View full screen - View 1 of Lot 234. Workshop of the Pompei family - Castelli, circa 1574 - 1589, Two plates with arms of Cardinal Alessandro Farnese.

Workshop of the Pompei family - Castelli, circa 1574 - 1589, Two plates with arms of Cardinal Alessandro Farnese

Lot Closed

September 26, 10:35 AM GMT

Estimate

1,800 - 2,200 EUR

Lot Details

Description

Workshop of the Pompei family

Castelli, circa 1574 - 1589

Two plates with arms of Cardinal Alessandro Farnese


each painted in maiolica with a dark blue glaze and decorated in white and gold

tin-glazed earthenware (maiolica)


I. diam. cm 22,5; 8 ⅞ in.

II. diam. cm 23; 9 in.

The service was first recorded in an inventory of 1644 and subsequently listed in a second inventory of the Palazzo Farnese, Rome, in 1653, comprising at least 144 pieces. Today, seventy-two plates survive in the Museo Nazionale di Capodimonte, Naples, two of which are dated 1574 and bear the letter C followed by a symbol, probably indicating manufacture at Castelli.


Variations in form, glaze, and decoration among the surviving pieces suggest that the service may have been produced in more than one consignment, and possibly in more than one workshop, up to Cardinal Alessandro Farnese’s death in 1589. This type of pottery was already being made in Castelli before 1566: a plate bearing the arms of Cardinal Michele Ghisleri—who became Pope Pius V in 1566—is preserved in the MAK Collection, Vienna (T. Wilson 2022, cat. no. 179).


The production of maiolica decorated in gold and white on a dark blue glaze ground, as seen in the Farnese service, represents a significant technical innovation in Italian ceramics. The Pompei family workshop in Castelli, active from before 1566, appears to have been the first Italian center to experiment successfully with the use of gold decoration on maiolica on an industrial scale. Excavations carried out in 1985 confirmed that this type of pottery was a characteristic production of Castelli, particularly of the leading workshop of Orazio Pompei, who may have produced all or most of the Farnese service.
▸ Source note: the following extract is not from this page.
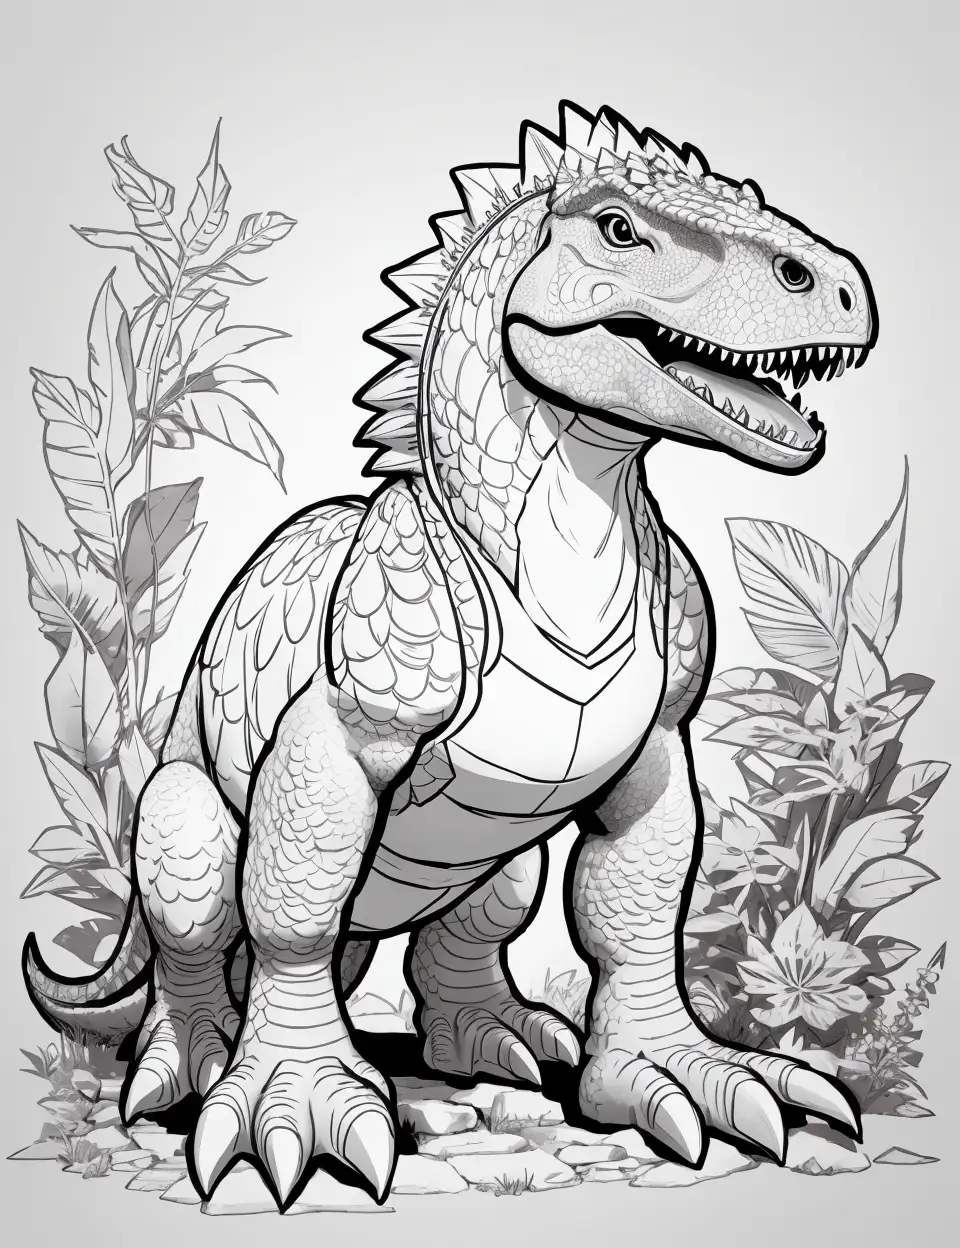 Dibujos de dinosaurios ornitisquios para colorear

The arms at the center of the plates are those of Cardinal Alessandro Farnese (1520–1589), politician, diplomat, and major patron of the arts, who in 1568 commissioned the Chiesa del Gesù in Rome, designed by the architect Vignola.


Related Literature

L. Arbace, La maiolica Italiana, Museo della Ceramica Duca di Martina, Napoli, 1996, p. 108, cat nos. 133-138;

T. Wilson, Italian Maiolica and Europe, Oxford, 2017, p. 261, cat. no. 118;

T. Wilson and C. Maritano, L'Italia del Rinascimento, Lo Splendore della Maiolica, Torino, 2019, p. 159, cat. no. 123;

T. Wilson, Tin-glaze and Image Culture, Vienna, 2022, p. 223, cat. 179.